Efforts to lower the cost of pipeline and storage demand costs continue. Through negotiations and by dropping some
uneconomical contracts as they expire, ProLiance has lowered its pipeline transportation and storage costs to approximately
$55 million for 2012, compared to $73 million in 2011 and $77 million in 2010. The projected annual demand costs in 2013 are
expected to be approximately $42 million, or approximately $13 million lower than 2012. In addition to these reductions,
opportunities exist to renegotiate or drop contracts with annual demand costs of approximately $9 million by the end of 2015.
Changes in market conditions or other circumstances could cause actual demand costs to be materially different from this
expectation. At December 31, 2012, ProLiance had approximately $124 million of members' equity on its balance sheet, no
long-term debt outstanding, and borrowings to support working capital of $77 million on its $120 million credit facility, which
became effective in May 2012 for a two year period.

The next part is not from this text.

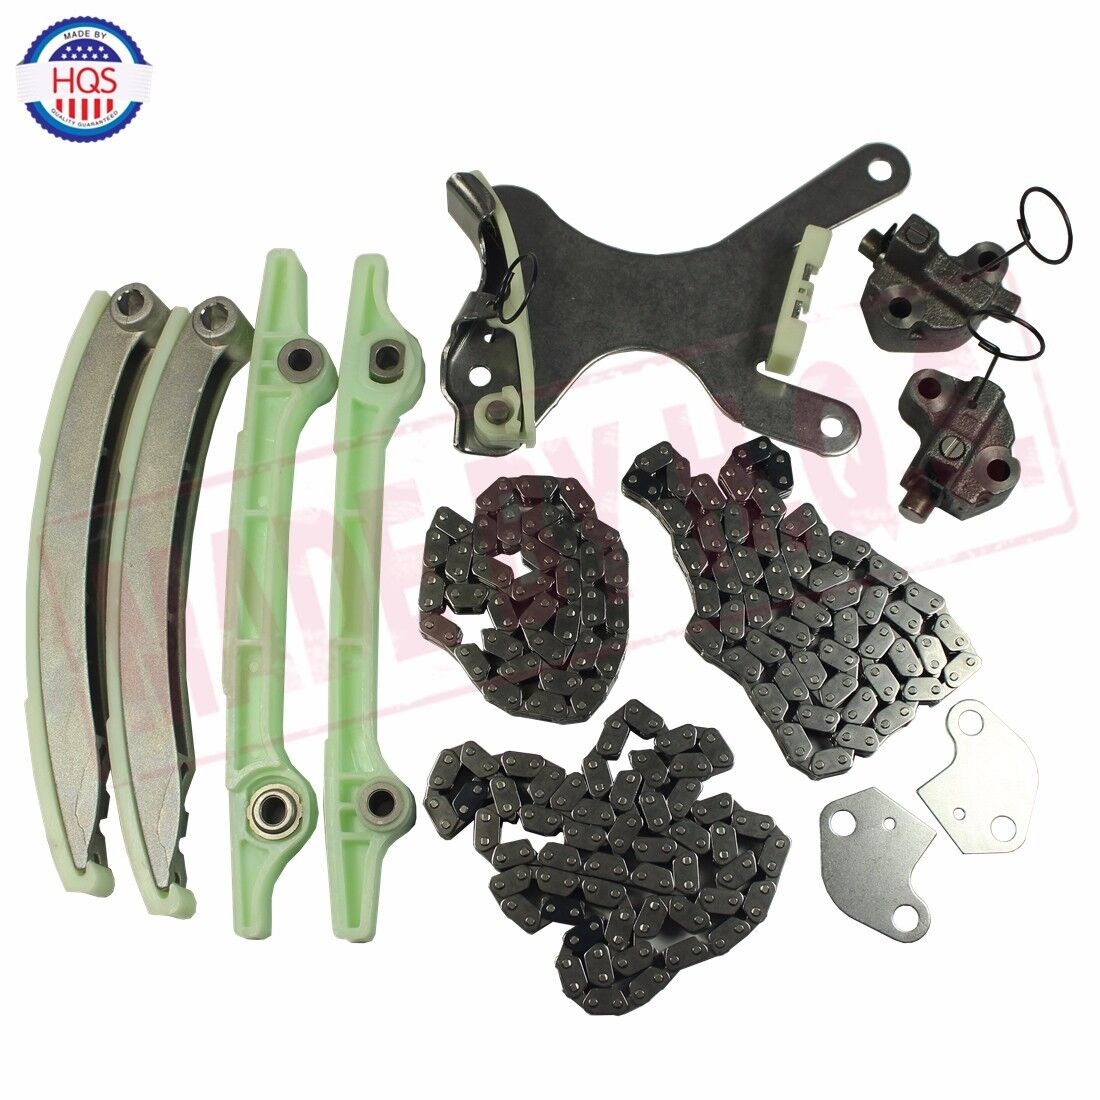 Timing Chain Kit w/o gears Fits For 99-08 Jeep Commander Dodge Durango Ram 4.7L

For the year ended December 31, 2012, the amounts recorded to Equity in (losses) of unconsolidated affiliates related to
ProLiance’s operations totaled a pre-tax loss of $22.7 million, compared to a loss of $28.6 million in 2011 and a loss of $2.5
million in 2010.
At the time of the sale of Vectren Source, the Company stated that its future emphasis in the Nonutility Group would be on
growing its infrastructure and energy services businesses rather than its commodities businesses. The Company continues to
evaluate and assess strategic alternatives related to the investment in its energy marketing affiliate, ProLiance Holdings. The
Company believes the carrying value of its investment in ProLiance Holdings at December 31, 2012 is appropriate, based upon
projections and other valuation data received from ProLiance. If the Company, however, proceeds with one of the strategic
alternatives being evaluated, which could include a disposition of its investment in ProLiance Holdings or a disposition by
ProLiance Holdings of one or more of its operating subsidiaries or their assets, the amount realized could be materially below
the carrying value of the Company's investment of $73.9 million. In such event, the Company would record such loss as Equity
in (losses) of unconsolidated affiliates.
Investment in Liberty Gas Storage
Liberty Gas Storage, LLC (Liberty), a joint venture between a subsidiary of ProLiance and a subsidiary of Sempra Energy (SE),
is a development project for salt-cavern natural gas storage facilities. ProLiance is the minority member with a 25 percent
interest, which it accounts for using the equity method. The project was expected to include 17 Bcf of capacity in its North site,
and an additional capacity of at least 17 Bcf at the South site. The South site also has the potential for further expansion. The
Liberty pipeline system is currently connected with several interstate pipelines, including the Cameron Interstate Pipeline
operated by Sempra Pipelines & Storage, and will connect area LNG regasification terminals to an interstate natural gas
transmission system and storage facilities.